James said:
revision scoring as a service will
not actually categorize the nature of what it is learning.
See
https://en.wikipedia.org/wiki/Wikipedia:Labels/Edit_quality We're almost ready to train and deploy a model with some nuance in it's prediction based on the *reason* that something should be reverted. (E.g. damaging/not-damaging and good-faith/bad-faith) We already have the labeling campaign done for Portuguese Wikipedia and we're nearly done for Turkish, Persian and English.
Beyond that work, I think there's a fun clustering project to be done here to discover categories of revert reasons. I'm always looking for collaborators to advise on these types of fun projects. *hint hint*
But when it comes down to it, I think our best measures of value-added won't be the output of a machine classifier, but rather some careful work in measurement theory. As Pine hopes ("assigning value to edits or editors; I would still like that project to go forward."), the project is continuing to move forward -- just slower than I had planned.

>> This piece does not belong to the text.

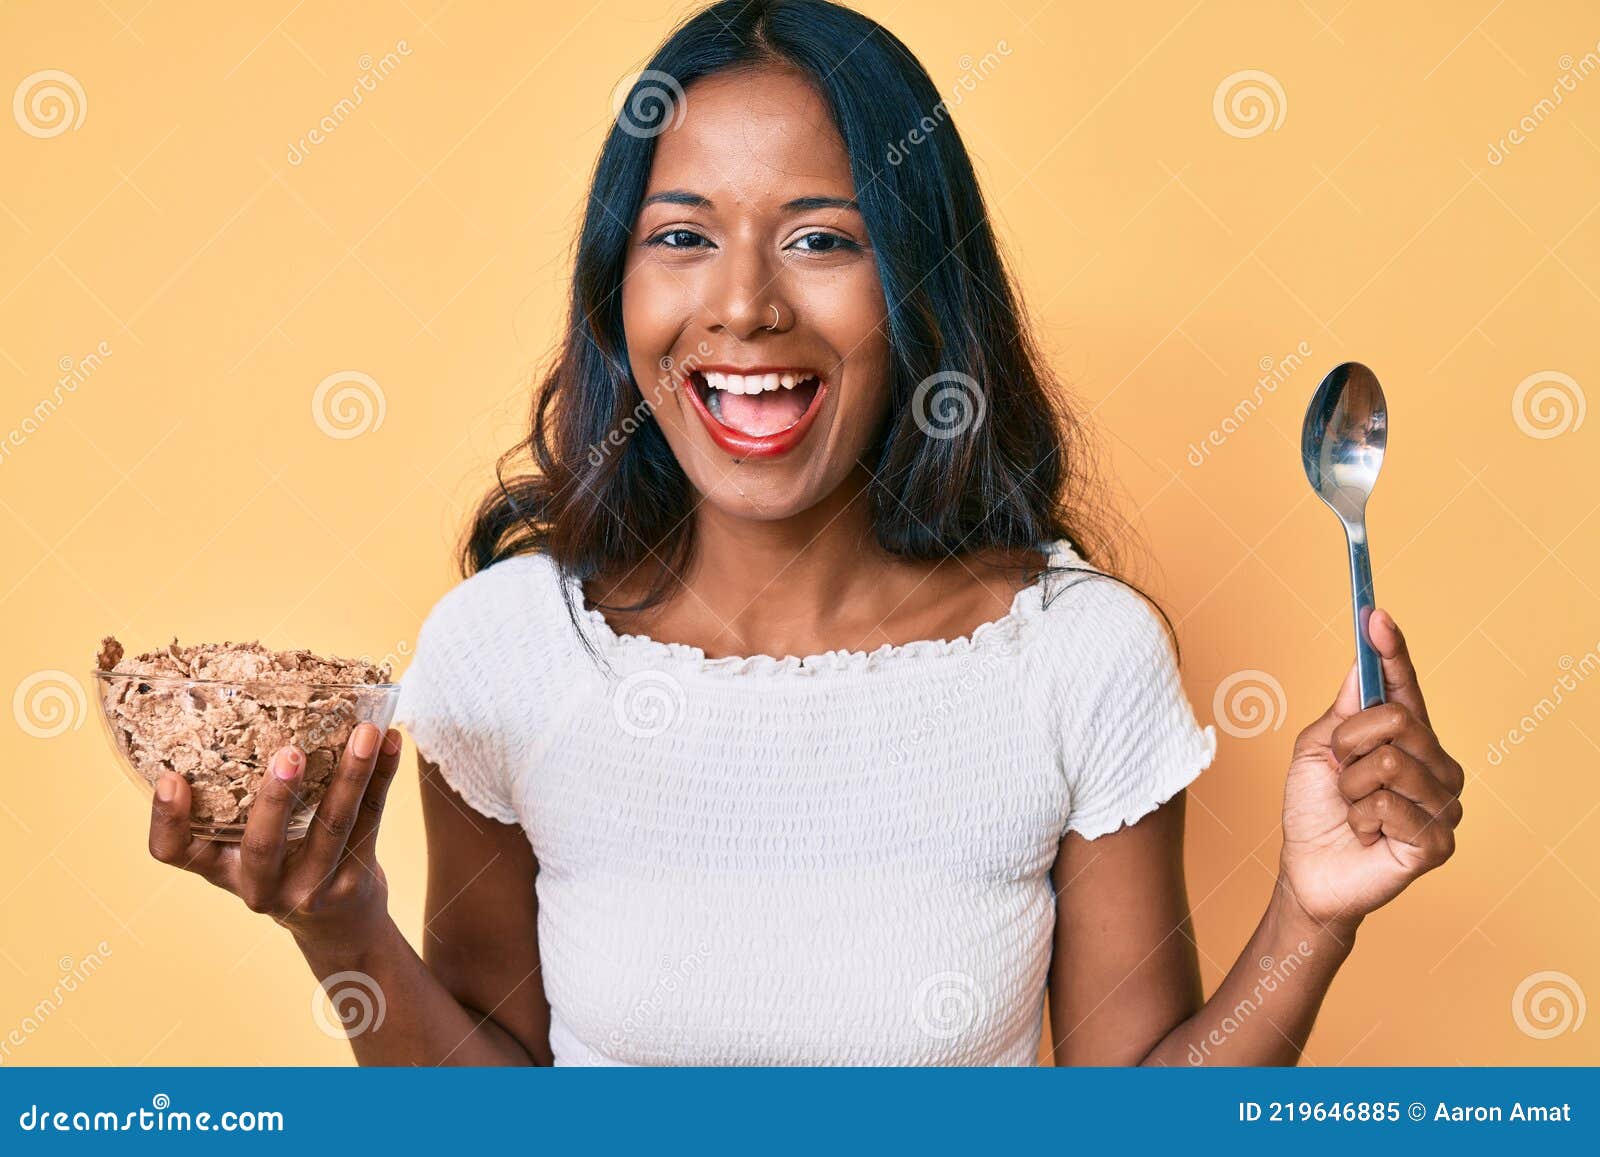 Young Indian Girl Eating Healthy Whole Grain Celears Smiling and Laughing  Hard Out Loud because Funny Crazy Joke Stock Image - Image of friendly,  expression: 219646885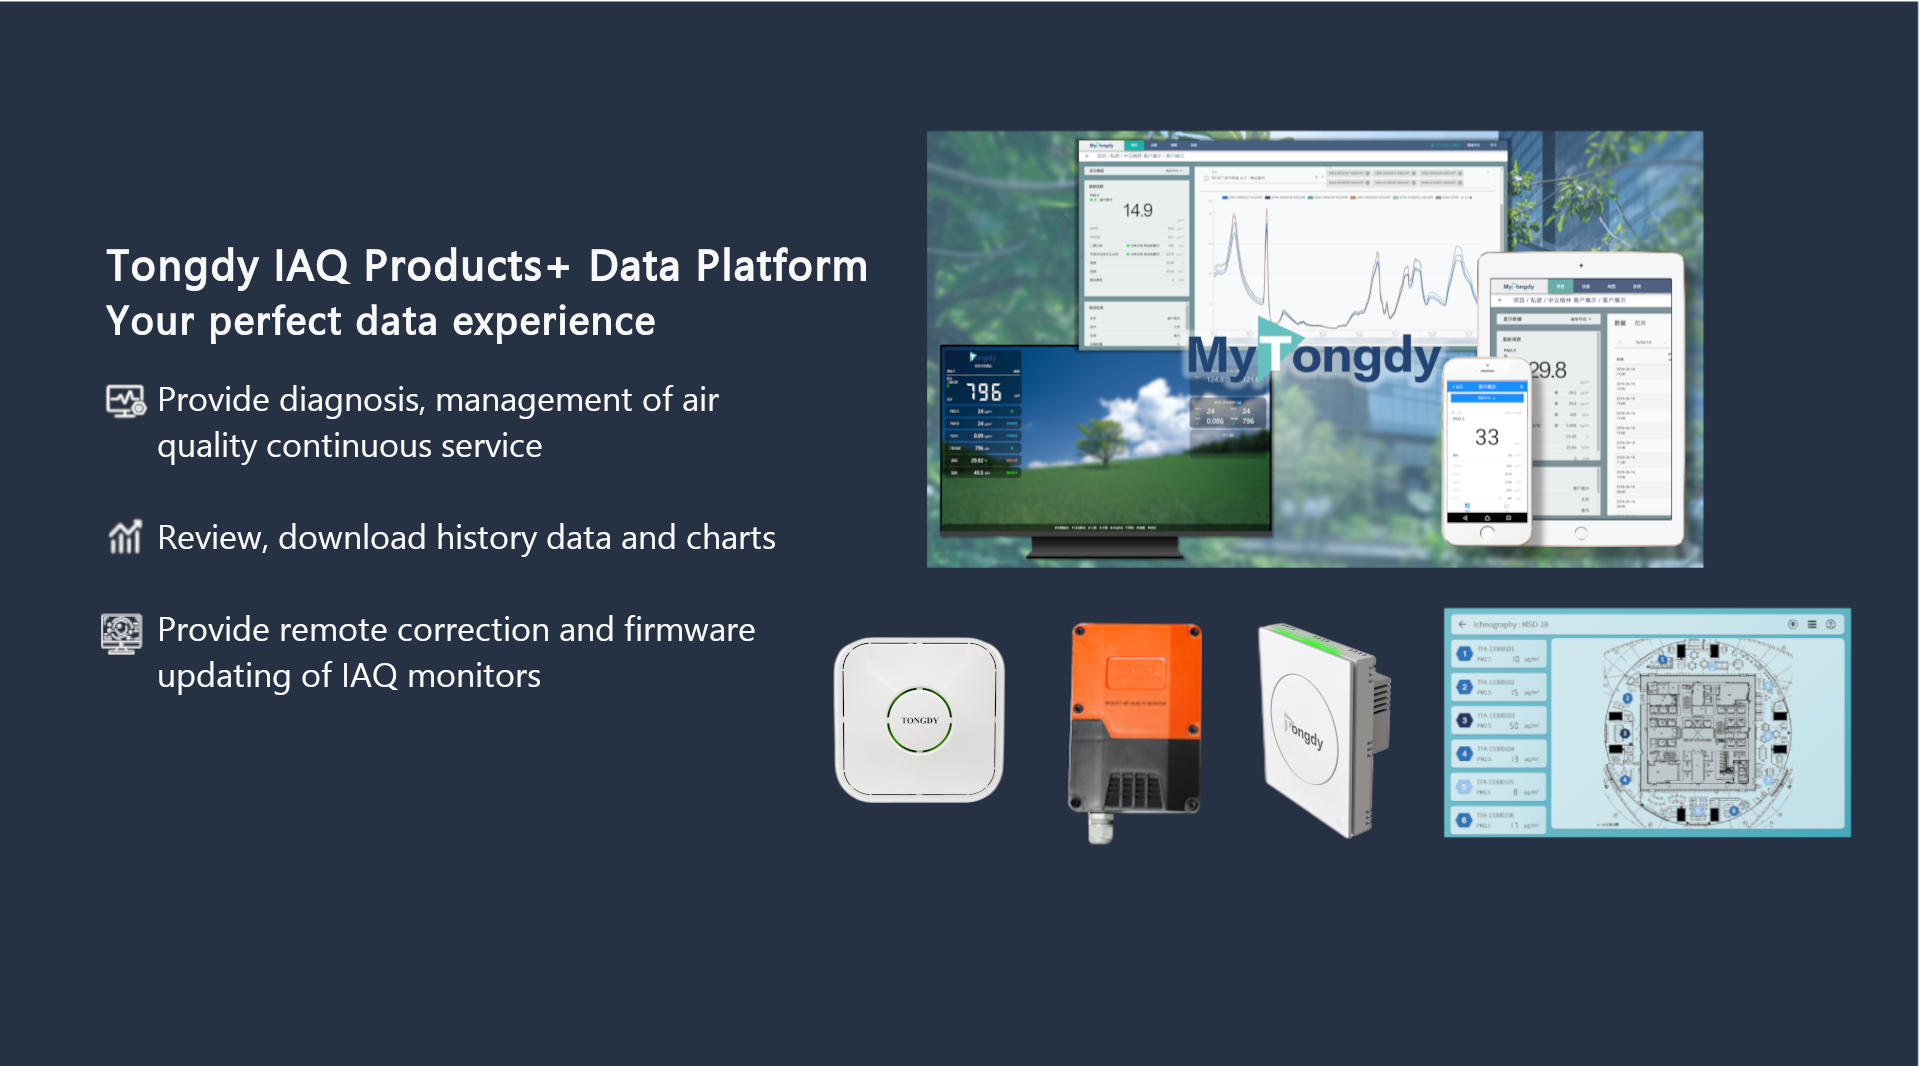 Tongdy IAQ Products+ Data Platform-Your perfect data experience

Due to the massive interest in Revision Scoring, I've been putting a lot more of my time there recently.
Again, I'm always looking for collaborators on these projects. I do as much work as I can to get them online and I have a small team working with me, but we can always use a hand. There are lots of ways to contribute. You don't need to code. We need help labeling edits, doing outreach in new wikis that we'd like to support and translating our software and docs.
-Aaron